Все пошло не так, отчасти из-за плохого взаимодействия Первой и Второй армий, отчасти из-за сложностей, связанных с перемещениями по сельской местности в ночное время. В принципе офицеры штаба должны были заранее произвести рекогносцировку этих дорог и затем задать колоннам правильное направление движения. Ответственность за продвижение армии лежала именно на офицерах штаба. Любые перемещения крупного контингента людей в ночное время требуют тщательной подготовки, особенно если уставшим войскам предстояло идти маршем через лес и сельскую местность.

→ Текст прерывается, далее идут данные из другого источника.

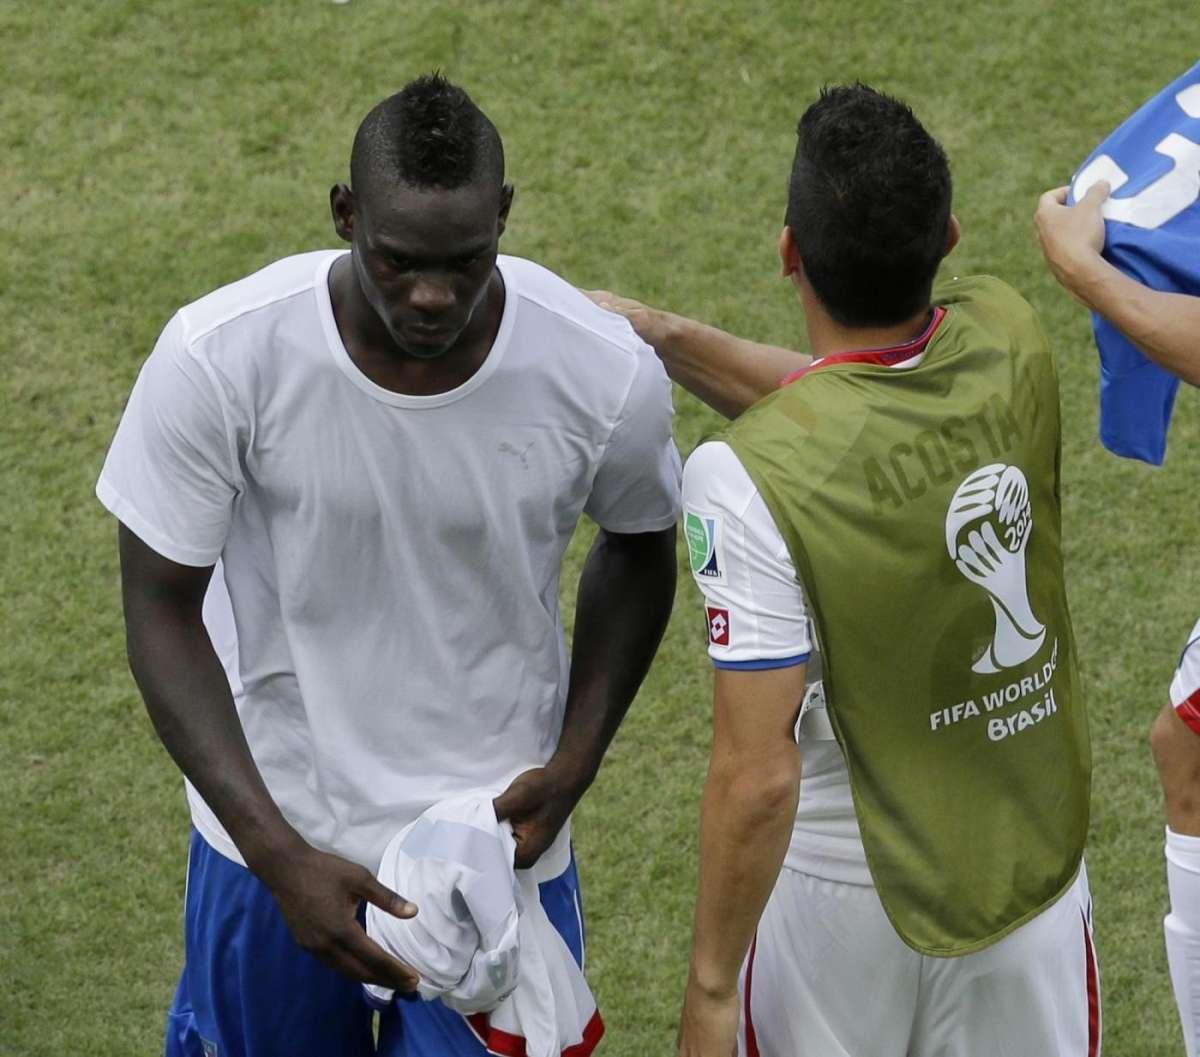 Mondiali 2014, l'Italia sconfitta dalla Costa Rica si complica la qualificazione [FOTO]

Согласно не кажущемуся столь уж невероятным утверждению историка, занимавшегося изучением свиты Е.И. В. по квартирмейстерской части, штабные офицеры имелись в количестве, недостаточном для выполнения всех задач, вставших на повестку дня сразу после ухода из Смоленска. Некоторые из них были посланы на поиски места для ночлега на следующую ночь, другие получили задание определить места для возможных сражений по дороге к Москве, где армия могла бы занять позиции. Из мемуаров штабных офицеров становится ясно, что в первую половину кампании 1812 г. они были перегружены работой, причем весьма ответственные поручения порой давались младшим и неопытным офицерам. Несомненно, такова была цена создания генерального штаба в столь короткие сроки в годы, непосредственно предшествовавшие началу войны.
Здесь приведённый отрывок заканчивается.